Under the TLM Purchase Agreement, there are other amounts in the form of restricted share units under the 2018 Equity Incentive Plan, that are payable in future periods based on the continued service of certain TLM employees. As all restricted share units are based on continued service provided to the post-combination entity, they have been excluded from consideration and will instead be accounted for as ongoing remuneration under IFRS 2.
The Company's allocation of the total purchase consideration against the net liabilities acquired is as follows:
Intangible assets - client relationships 2,106 
Property, plant and equipment 88 
Cash and cash equivalents 160 
Trade and other receivables 1,106 
Borrowings (5,740)
Trade and other payables (3,843)
Deferred tax liability (537)
Fair value of net liabilities acquired (6,660)

Other than intangible assets, the fair value approximates the carrying value of the net liabilities acquired. Management have no doubt over the collectibility of the trade receivables included in the trade and other receivables line above.

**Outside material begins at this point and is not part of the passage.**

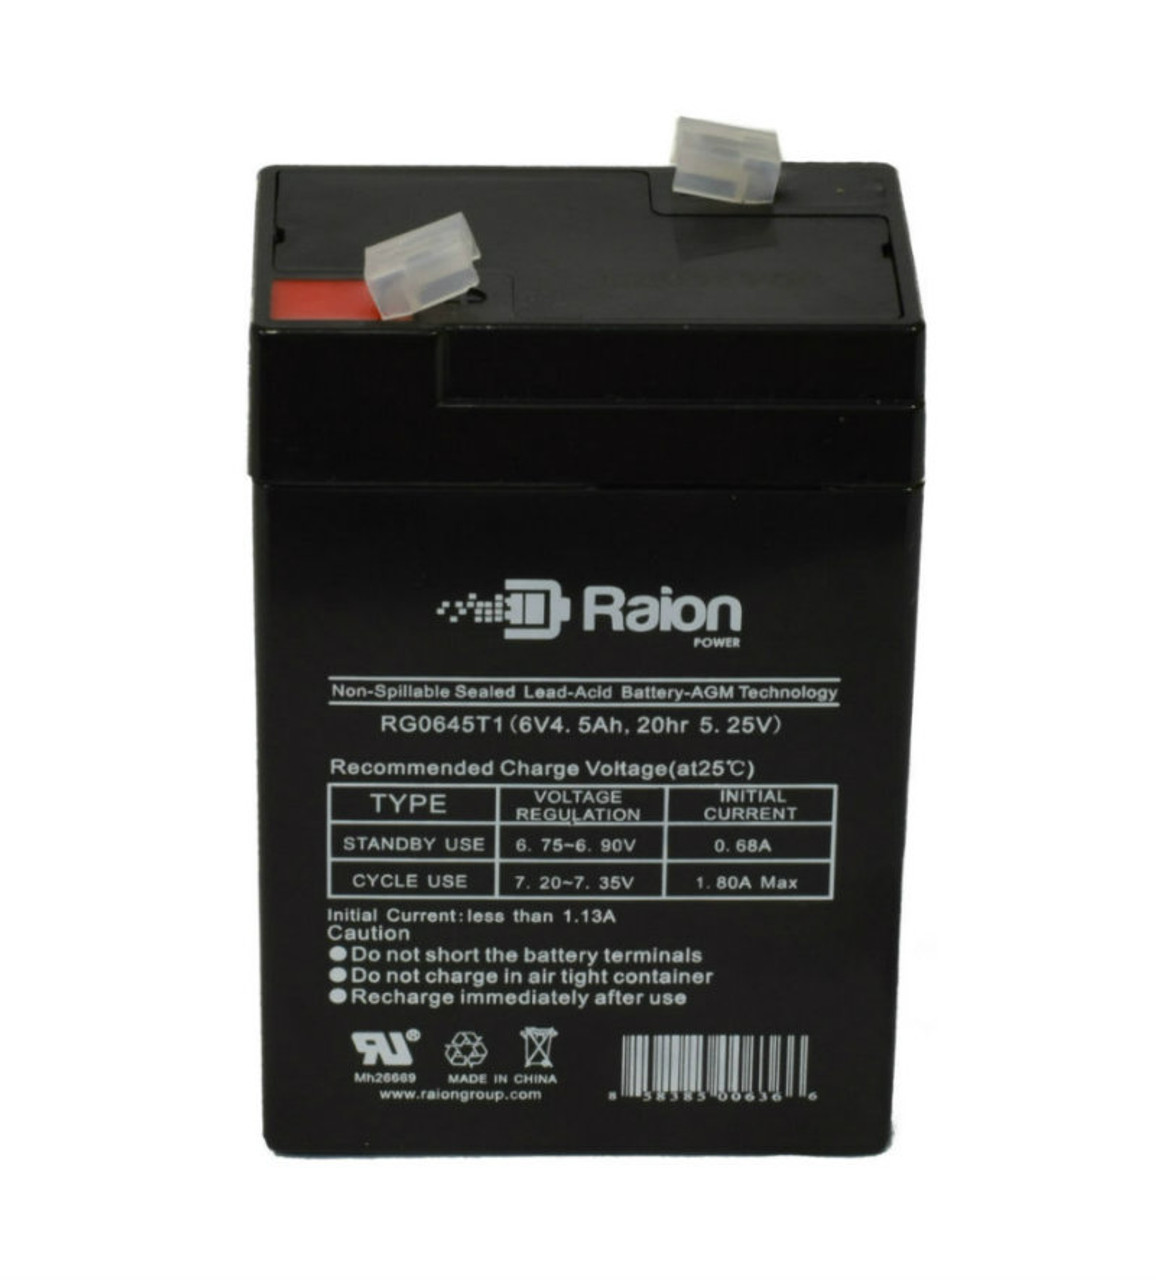 Raion Power RG0645T1 Replacement Battery Cartridge for B. Braun 522 Intell Pump

Intangible assets subject to valuation include client relationships. The multi period excess earnings method was applied to determine the fair value of the client relationship intangible asset. The fair value determined under this approach used customer attrition and discount rates as critical assumptions. The contribution of other tangible and

intangible assets to the cash flows were also used as inputs in the fair value determination exercise, but they are not considered to be critical assumptions. The after-tax residual cash flows attributable to existing customers were discounted to a present value.

Deferred tax

The deferred tax liability at acquisition on the client relationship was £0.5 million based on a book base of £2.1 million and a tax base of nil at the date of acquisition.


Goodwill arising from the acquisition has been recognised as follows:
Consideration transferred 8,333 
Fair value of net liabilities acquired 6,660 
Goodwill 14,993 

The goodwill arising from the acquisition represents the knowledge and experience of the workforce, who are instrumental in securing future revenue growth, the new customer relationships anticipated to arise post-acquisition and a proportion of goodwill that is, by its nature, the unidentifiable underlying assets that contributes in generating profits.

Acquisition related costs in the form of legal and professional fees of £0.9 million were expensed as incurred and are presented under selling, general and administrative expenses

13. Subsequent events

On February 29, 2024, Endava entered into a definitive agreement to acquire 100% ownership of GalaxE Group, Inc (”GalaxE”) headquartered in New Jersey, United States. When completed, the transaction will add approximately 1,650 employees to Endava and provide several key strategic benefits to Endava: (1) significantly expand Endava's footprint in North America; (2) provide deep domain expertise in the U.S. Healthcare market; (3) establish Endava's delivery operations in India and (4) provide complementary platform capabilities focused on enterprise digital transformation. Total consideration for the acquisition is $405 million, primarily in cash with some stock, of which $30 million is conditional upon future performance of the GalaxE business. The transaction is expected to close in early April 2024 subject to the completion of customary closing conditions and approval, including the expiration of the required waiting period under the U.S. Hart-Scott-Rodino Antitrust Improvements Act of 1976.